- Problem -
All the data that follows should be repeated exactly, without a single picture.
**** Input data
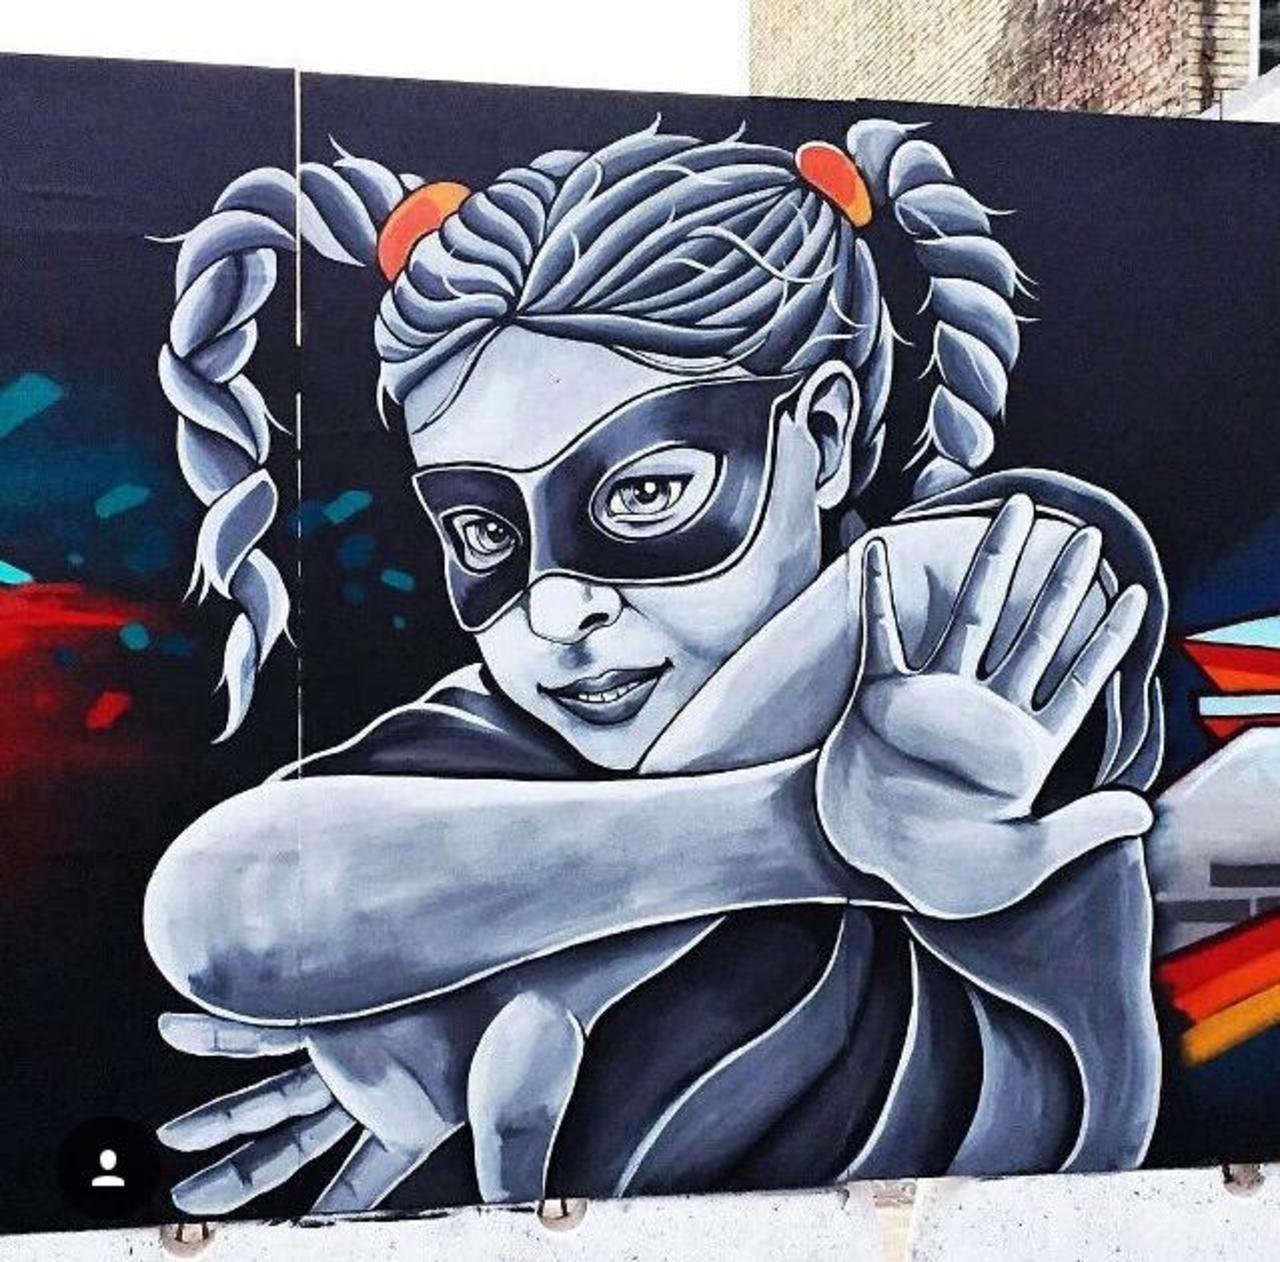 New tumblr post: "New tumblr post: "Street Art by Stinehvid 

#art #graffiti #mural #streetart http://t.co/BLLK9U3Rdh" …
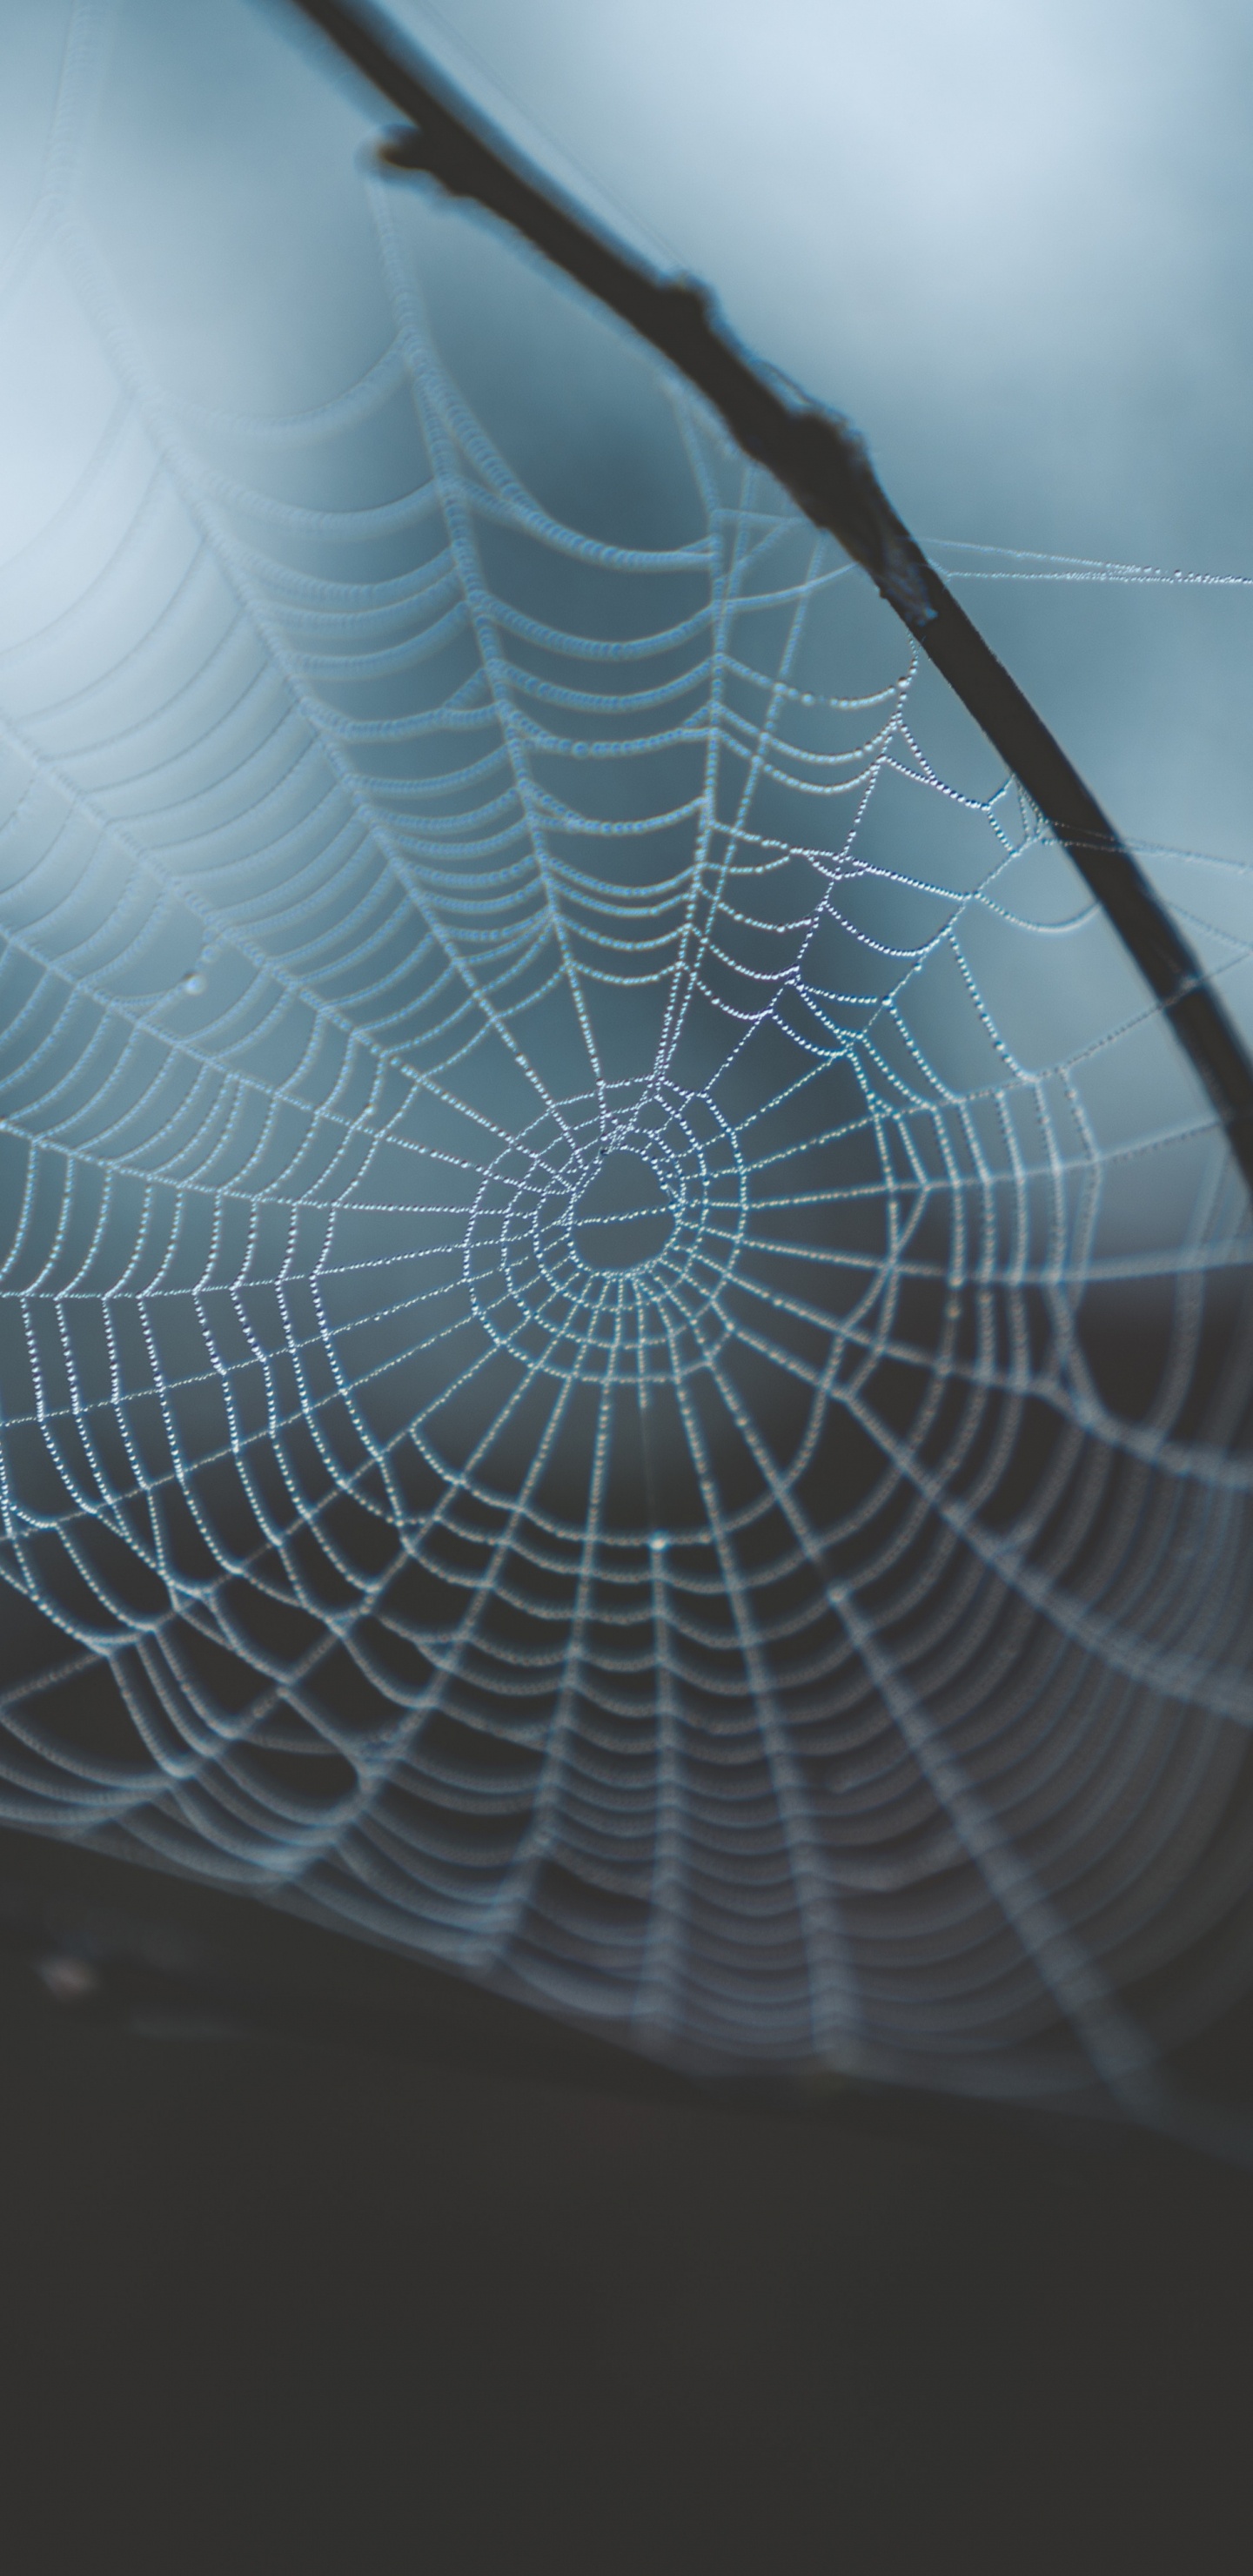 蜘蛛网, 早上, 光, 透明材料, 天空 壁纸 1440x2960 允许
********
- Result of this exercise -
 New tumblr post: "New tumblr post: "Street Art by Stinehvid 

#art #graffiti #mural #streetart http://t.co/BLLK9U3Rdh" …
 蜘蛛网, 早上, 光, 透明材料, 天空 壁纸 1440x2960 允许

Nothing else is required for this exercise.